The United States and the United Kingdom have announced the Atlantic Declaration for a Twenty-First Century U.S.-UK Economic Partnership, which among other areas will address the commitment of both countries to partner on an “Inclusive and Responsible Digital Transformation”. Read here →
The European Data Protection Supervisor (EDPS) has issued its latest newsletter which addresses among others the relationship between artificial intelligence and human intelligence, the attendance at the Computer Privacy & Data Protection (CPDP) 2023 event, the cooperation between the EDPS and Data Protection Officers network and the concept of Fame vs. Privacy: data protection dilemma for Gen Z and Gen Alpha. Access here →
Further to concerns displayed by EU antitrust regulators in relation to Meta’s data collection services, the Bundeskartellamt (German Federal Cartel Office FCO) has announced that Meta will introduce a new overview of data sharing regulations for its Facebook and Instagram users. Read here →
The Lithuanian State Data Protection Inspectorate (VDAI) has published frequently asked questions (FAQs) in relation to the use of EU Standard Contractual Clauses (SCCs) which are only applicable between data controller and data processor relationships, should they opt to use them. Access here → (in Lithuanian)
2) Notable Case Law
The Swedish Data Protection Authority (IMY) has fined the music streaming service Spotify 58 million Swedish Krona (€5 million equivalent) for failing to properly inform users how their personal data is processed by the company. The decision was reached in conjunction with several other data protection authorities since Spotify has users in many countries and further to court action commenced before the Swedish courts by noyb. Read about it on our blog →
The Garante Privacy has requested information from TikTok Technology Ltd in relation to statements issued by a former executive of “Byte Dance”, on alleged access to users’ personal data by the Chinese Communist Party, including data of both Italian and European users. TikTok has a 15-day period within which to respond to the Garante Privacy request. The press release can be found here → (in Italian)
The Netherlands Data Protection Authority (AP) has opened an investigation into OpenAI’s ChatGPT data processing practices and their compliance with the GDPR. The AP has sent a letter wherein it has requested, “among other things, how OpenAI handles personal data when training the underlying system.”Read about the investigation here → (in Dutch)
The Federal Trade Commission (FTC) has issued a proposed order requiring Microsoft to pay $20 million over charges that it illegally collected and retained personal information from children without their parents’ consent pursuant to its Xbox gaming system. The press release can be found here →
3) New and Upcoming Legislation
US law updates:
New York: Senate Bill 365 for privacy act passes Senate and is delivered to Assembly.
Connecticut: Senate Bill 1103 for an Act concerning Artificial intelligence, automated decision-making and personal data privacy was signed by the Governor of Connecticut.
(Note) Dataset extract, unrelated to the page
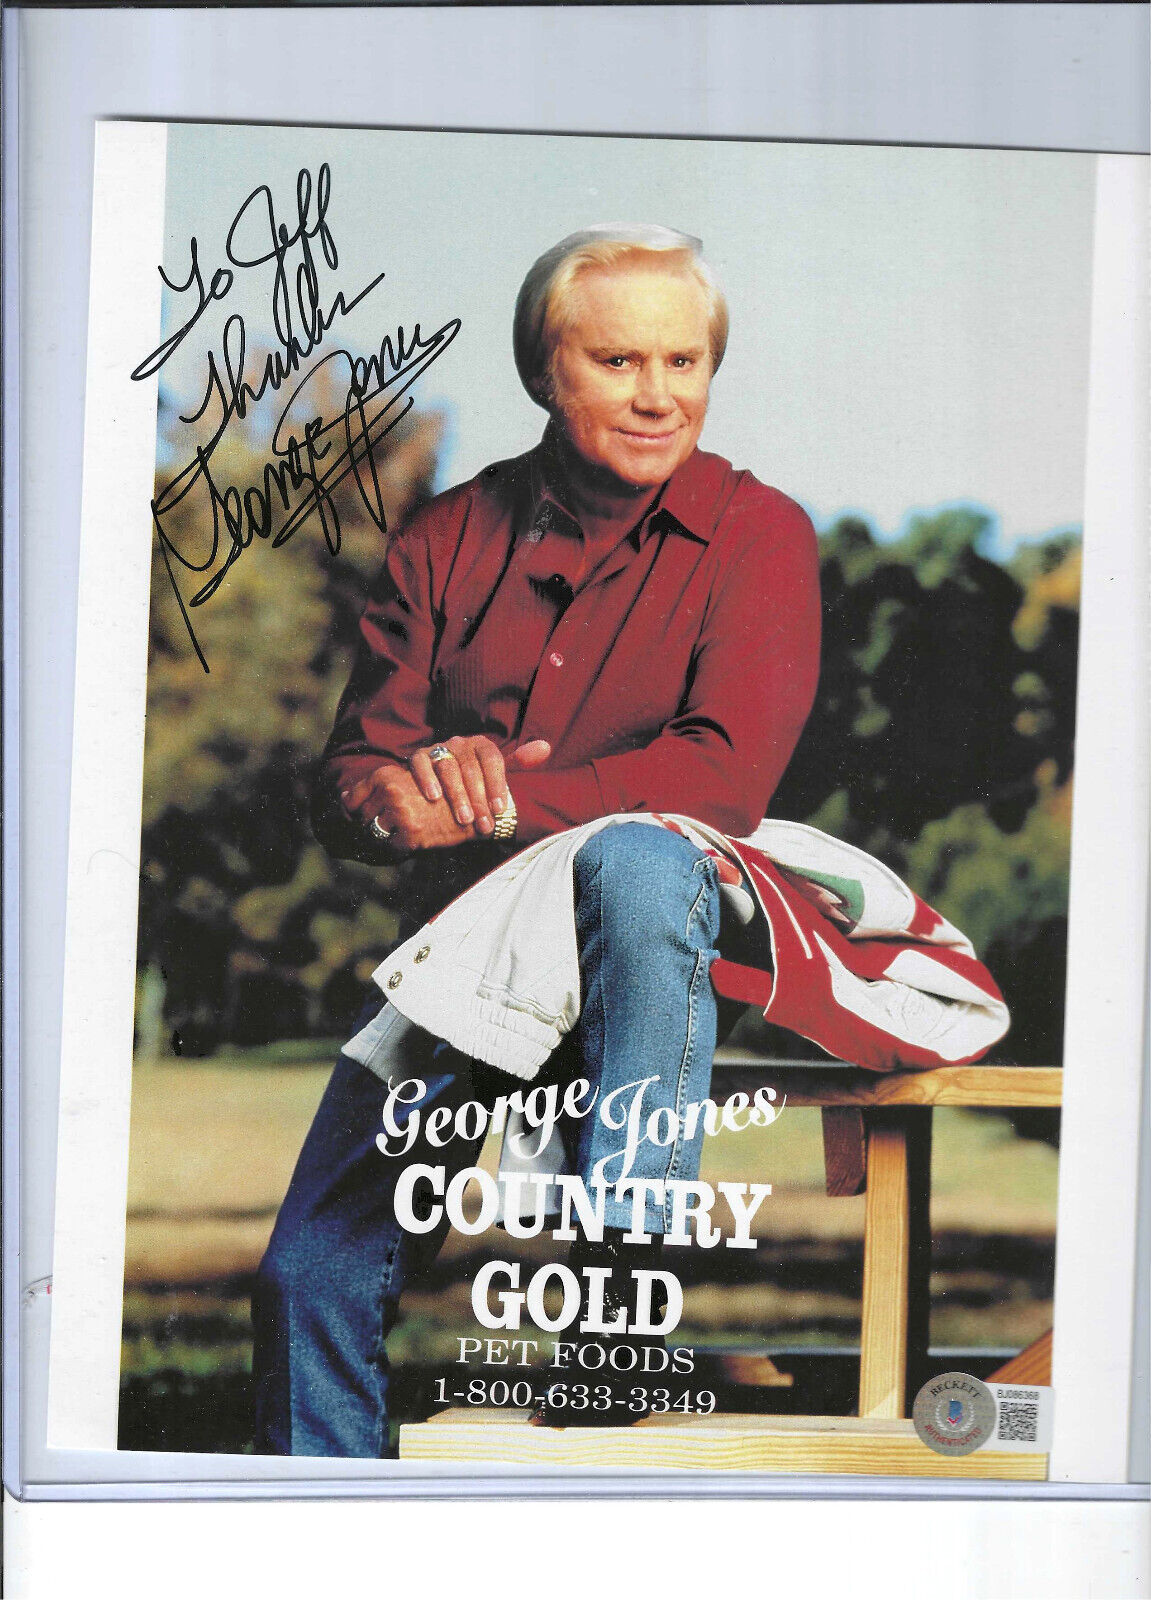 George Jones Country Gold Pet Foods Photo Signed Beckett Authentication BAS

Florida: Senate Bill 262 creating the Florida Digital Bill of Rights was signed by the Governor of Florida, Ron DeSantis, and will enter into effect on July 1, 2024. The Digital Bill of Rights will apply to persons that conduct business in Florida or provide a product or service used by residents of Florida and processes or engages in the sale of personal data. However, there is a catch since the Bill only applies to companies with a revenue upwards from $1 billion.
4) Strong Impact Tech
Cyberscoop has reported that several privacy experts are raising the alarm on geolocation data being shared with generative artificial intelligence. The Managing Director for the AI Now Institute has said that “There’s a whole host of reasons to be concerned about the security of location data and its implications for the privacy of users of the system.” Reported here →
According to Euractiv, French senators confronted European TikTok representatives about the company’s connections with the Chinese government and its handling of data protection. Read the story here →
Other key information from the past weeks
The Italian Data Protection Authority, the Garante Privacy, has published a guidance note on the application of the GDPR addressed to both the public and private sectors, with particular attention to SMEs.
The FTC and the Department of Justice have announced the filing of a proposed order against Amazon’s Alexa for alleged violations of the Children’s Online Privacy Protection Act (COPPA).
Brazil’s National Data Protection Authority, the ANPD, announced that it has opened investigations into several companies and entities, including Telegram Messenger Inc, Meta’s WhatsApp, and TikTok.